It’s July 2020 and more than 3 months of COVID19 isolation is starting to grate on me. Time to relive fieldwork from earlier this year, when travel was still possible and exciting research was happening!
My fieldwork season for 2020 promised to be a very exciting one. Not only were we planning to survey coral reefs in Flores with a great team, I even got support from National Geographic to explore some of Indonesia’s most remote reefs.
In the start of March I picked up my genetically-inclined colleague Alessia Bani from the airport in Bali for what turned out to be quite the adventure. We had 2 months of eDNA sampling and exploring ahead of us, mostly in places I had never visited, let alone dived before! Our first destination was Alor, a spot where I had been dying to get to for years.

Heading to a survey site
Alor is fast becoming known as a place for great muck diving, but also for excellent reefs and even big stuff (hammerhead sharks!). It’s still not the easiest place to get to, but once you get there, oh boy does it deliver! I can honestly say that it has been one of the most enjoyable places I visited in the last 3 years of fieldwork.
We stayed at the very hospitable Air Dive, where our host Acionk and the rest of the team made us feel not just welcome, but part of the Air Dive family. They made our surveys into the easiest and most pleasant fieldwork we’ve done for this entire project.

A pair of robust ghost pipefish (Solenostomus cyanopterus). Photo credit: Maarten De Brauwer
Our reason for being in Alor was obviously more than just good company. We were in Alor to study coral reefs and collect eDNA. This method is great to get fantastic amounts of data on the diversity of life on coral reefs, but unfortunately it also means very short dives and lots of time spent filtering water at the surface. And trust me, when you’re in Alor, you want to spend as much time as you can under water. While we purposely visited healthy and damaged sites, the abundance of life was great. We had amazing coral reefs, plenty of fish, some very cool critters (frogfishes, ghost pipefishes, plenty of nudibranchs,…). If we could have spent an extra week just fun diving we definitely would have.
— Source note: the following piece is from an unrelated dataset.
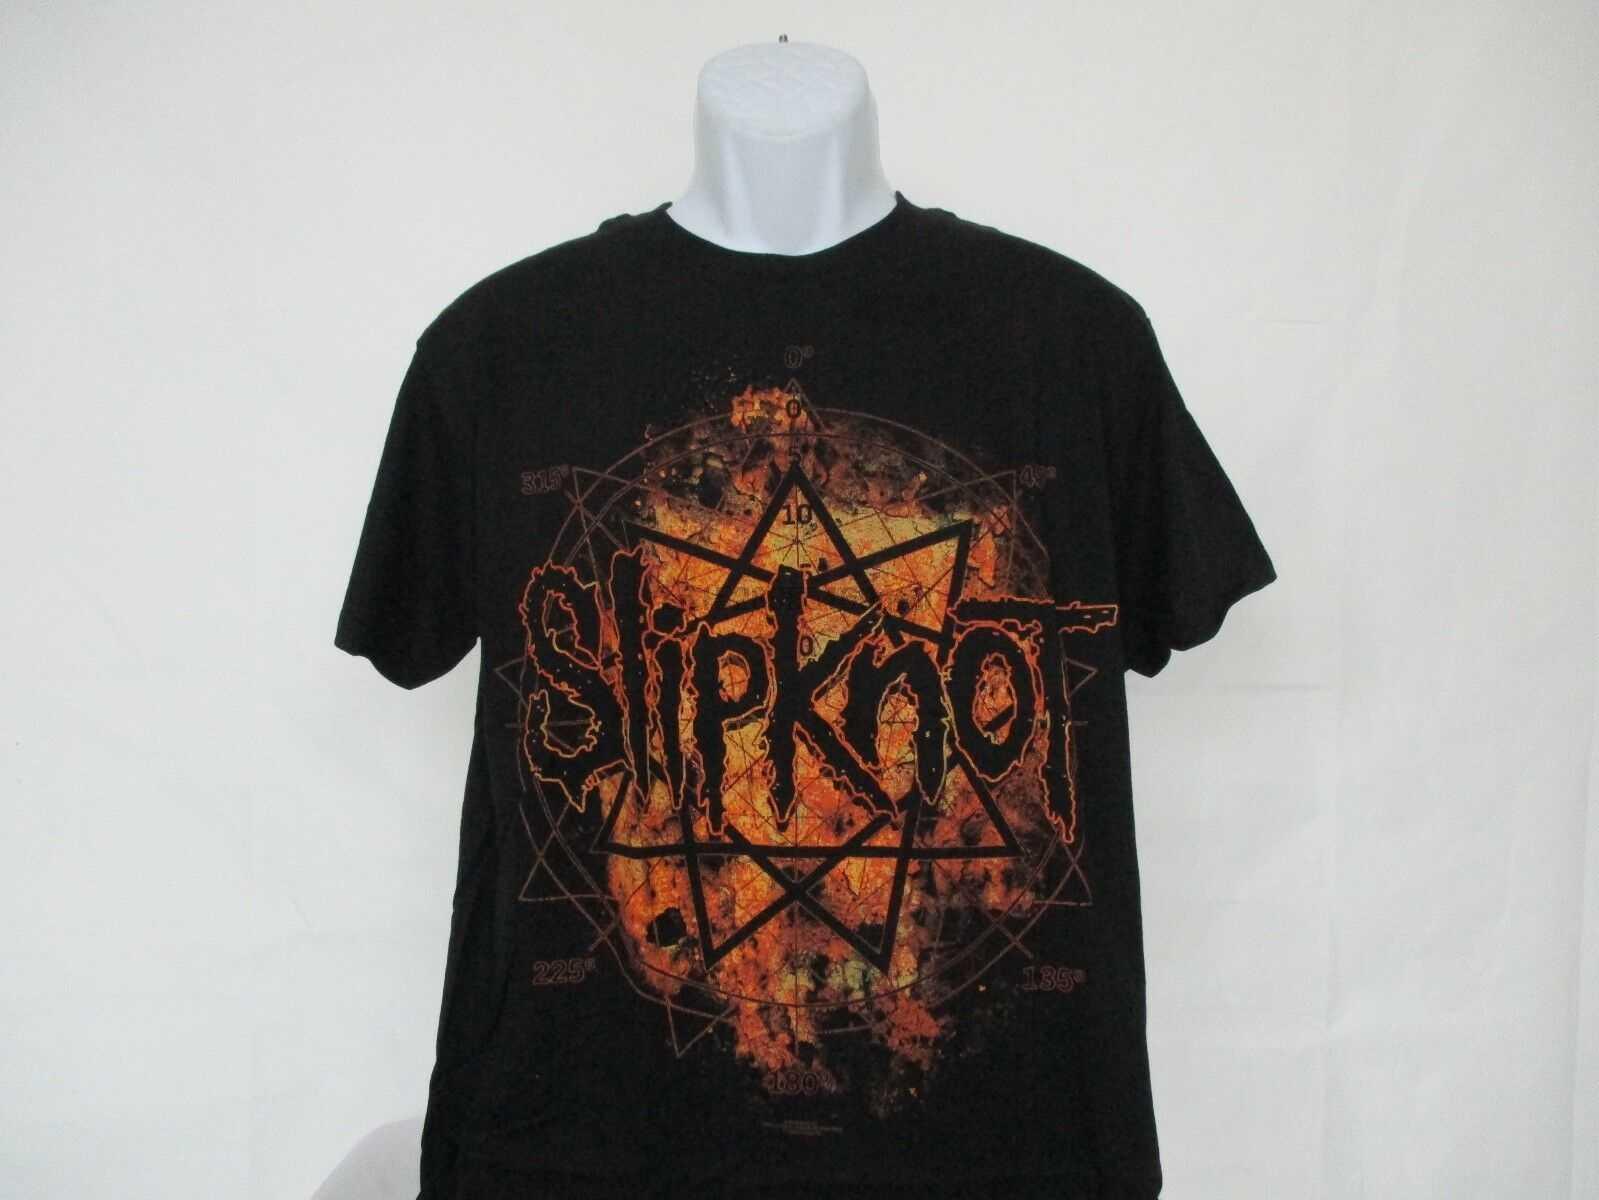 Slipknot วิทยุยิง-ความหวังทั้งหมดหายไปเสื้อยืดสีดำ-ขนาดผู้ใหญ่ M-XL ใหม่ (1)

The place wasn’t just great under water, there is SO MUCH action on top as well. Alor Strait is home to two resident dolphin pods, one of which frequently hangs out just out front of the place we were staying. We were also lucky enough to see a strong upwelling event, where (very) cold water rises to the surface. As a result, many smaller fish get a cold shock and die or get temporarily paralysed. The sudden abundance of motionless tasty morsels meant a free feast for the dolphins, as well as the local people, who came out with every pot, pan, net, or other random scooping implement of choice.
We finished our non-diving day with a visit to the local dugong, Mawar. Mawar’s name (=Rose) turned out to be a bit of an awkward choice, as this particular rose was a hefty male dugong with anything but delicate flowers on his mind. As we were told, he is the only dugong in the area and gets quite lonely. So any visitors are greeted with overly enthusiastic hugs, which is why nobody is allowed to swim with him anymore. In absence of humans in the water, dear Mawar seems to have taken a fancy for boats. If you want to know just how much of a fancy, let’s say that if I posted some of the pictures I took on this blog, it would probably get taken offline for inappropriate content…
In short, we had a fantastic time in Alor, seeing 9 dive sites was nowhere near enough and I hope to get back sooner rather than later. A big thank you to the Air Dive team, while I am normally not one to advertise dive centres on this blog, they helped us out far beyond what was needed and were just the friendliest bunch of people. Sampai jumpa lagi!